Return all of the data exactly, omitting any images.

DATA BELOW:
──────────
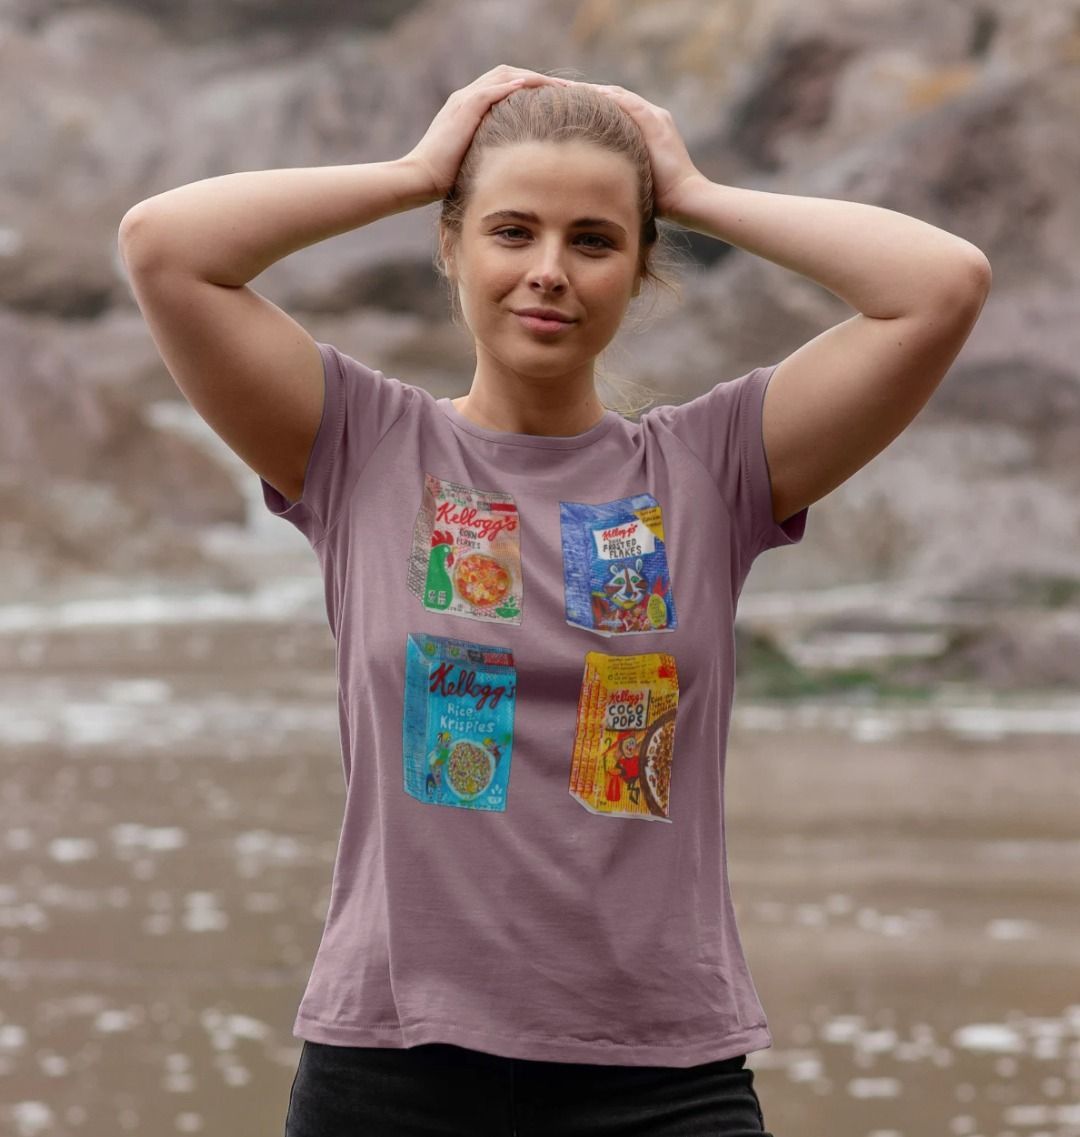 breakfast buddies organic women's tee - Printed T-shirt - Sarah Millin
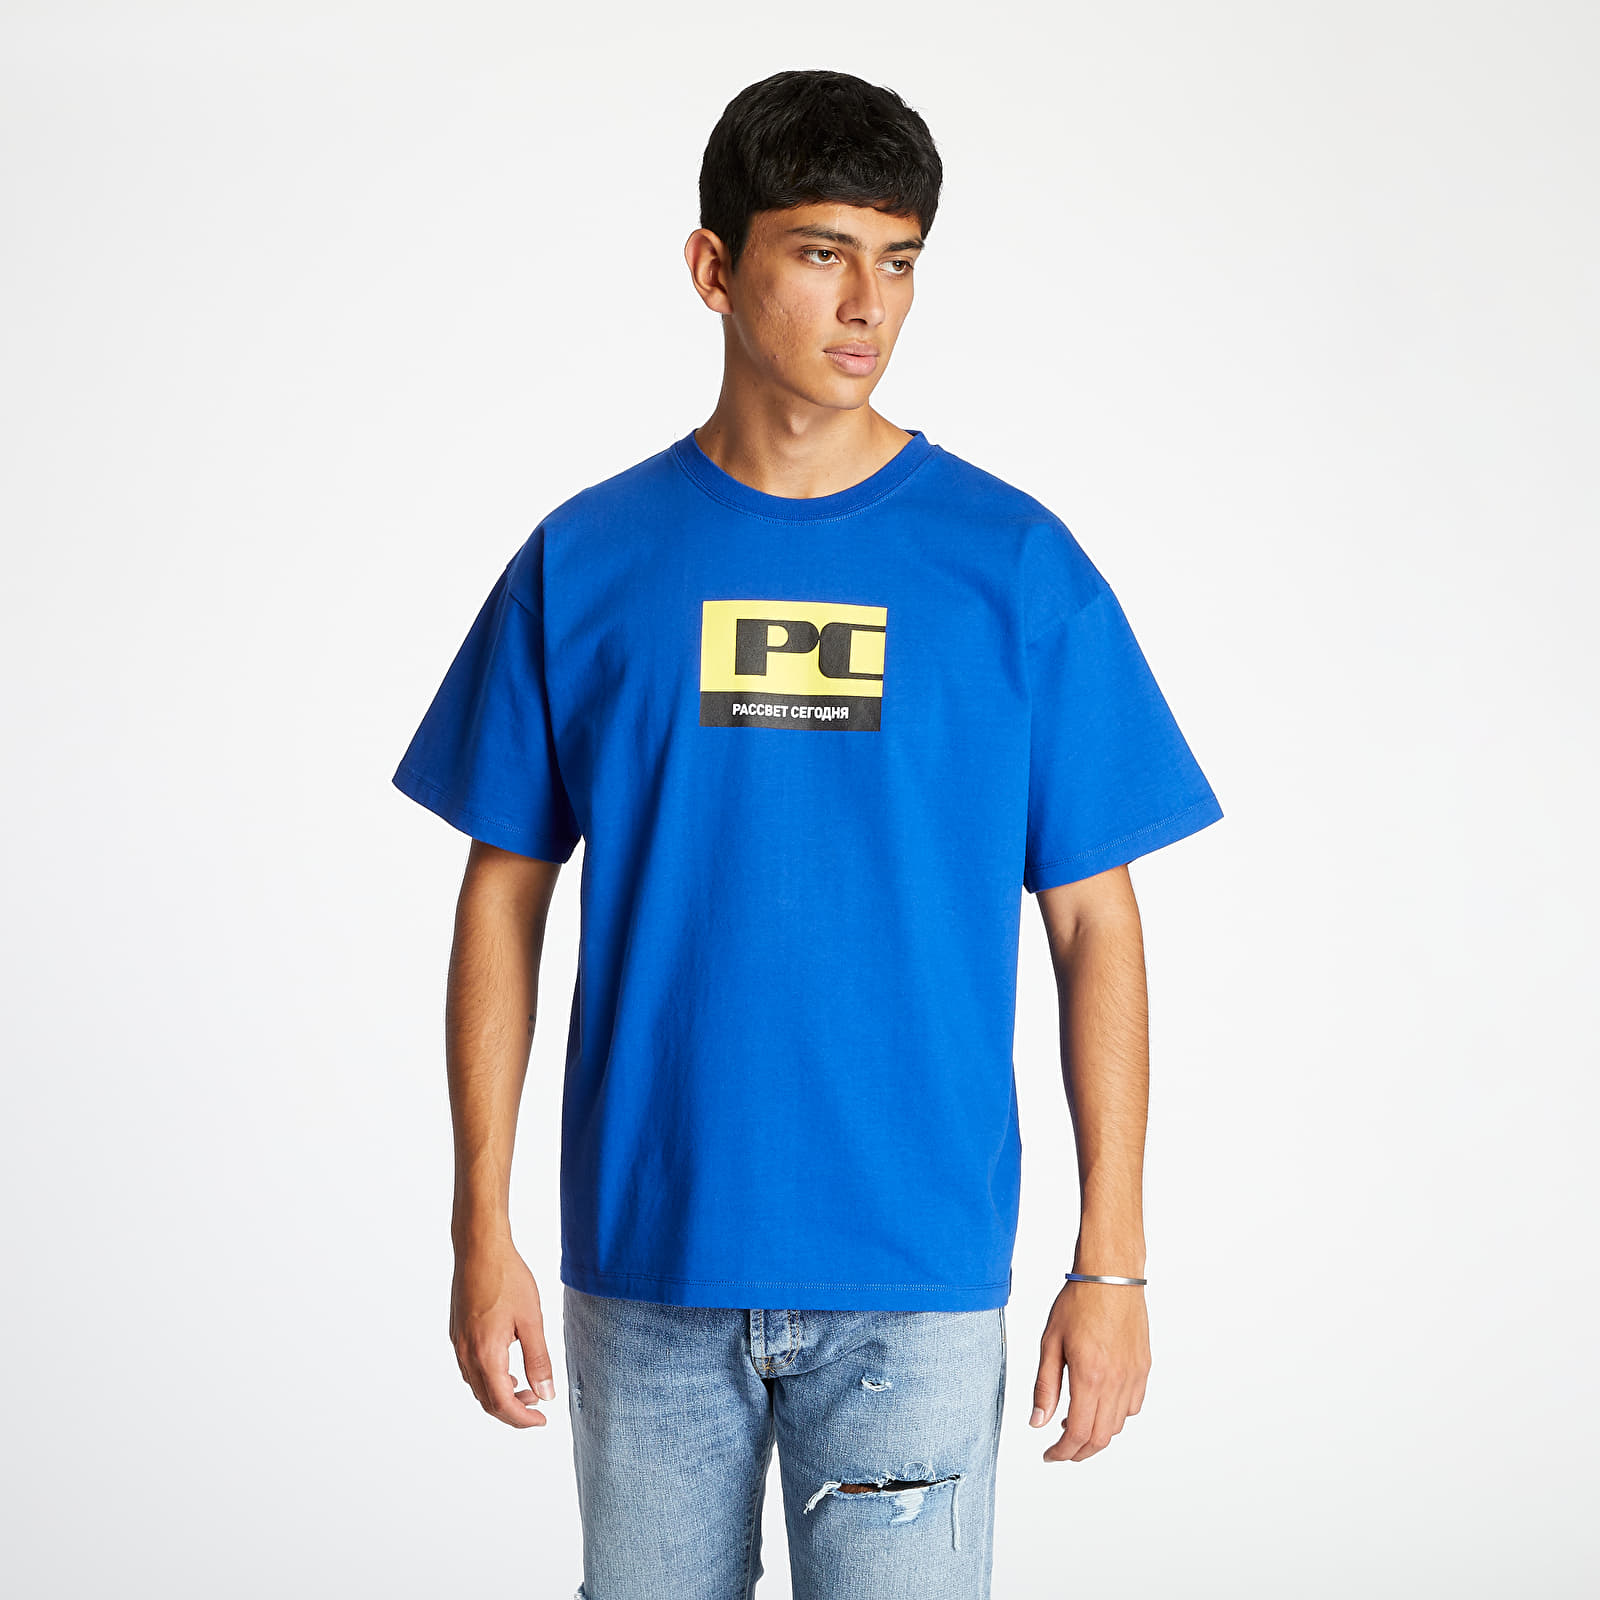 T-shirts PACCBET Tee Blue
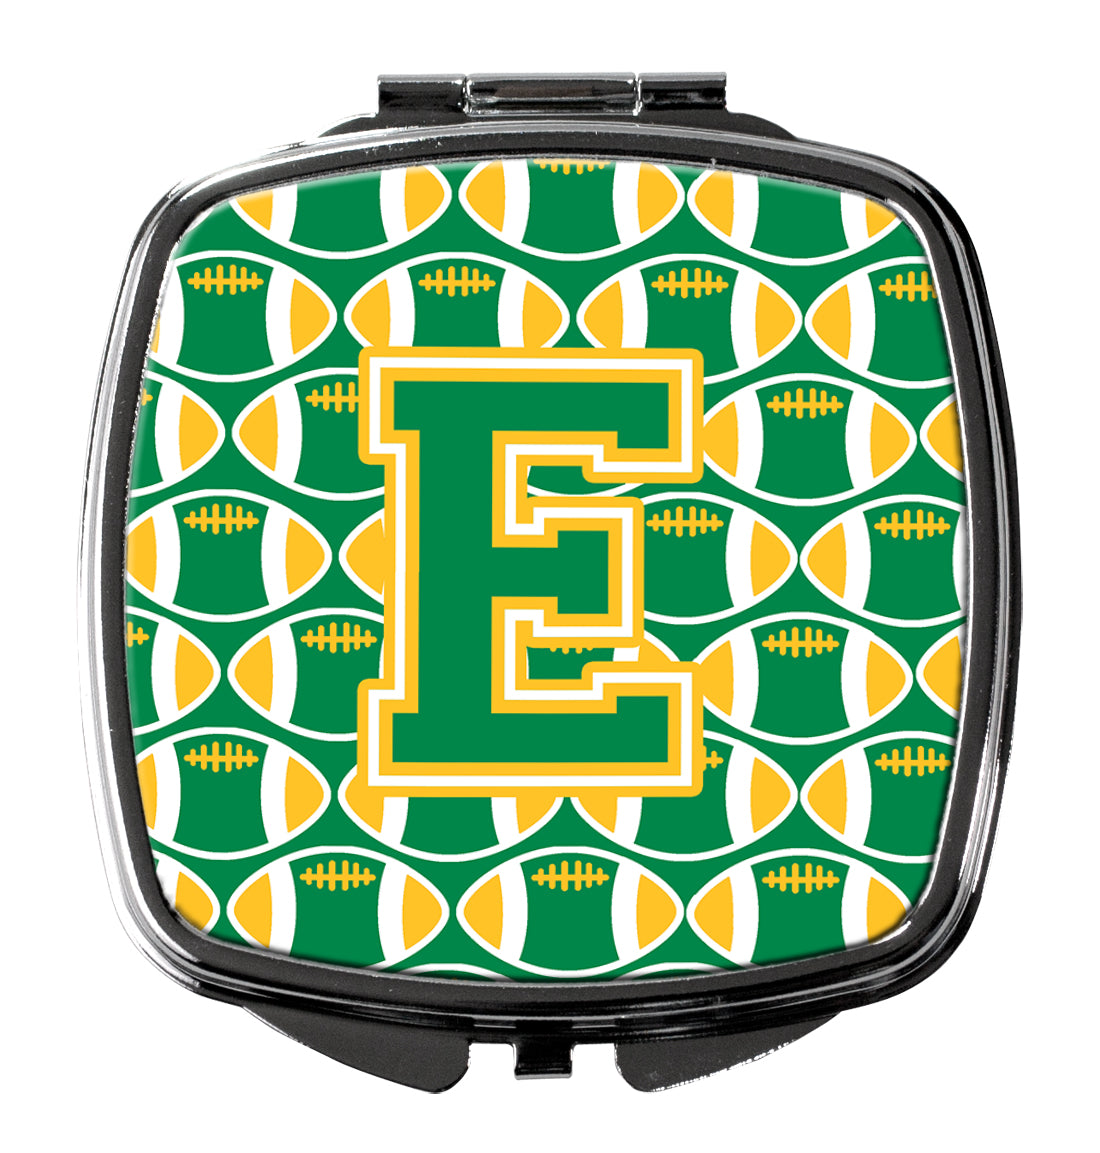 Lettre E Football Vert et Or Compact Miroir CJ1069-ESCM
──────────
RESPONSE BOX:
 breakfast buddies organic women's tee - Printed T-shirt - Sarah Millin
 T-shirts PACCBET Tee Blue
 Lettre E Football Vert et Or Compact Miroir CJ1069-ESCM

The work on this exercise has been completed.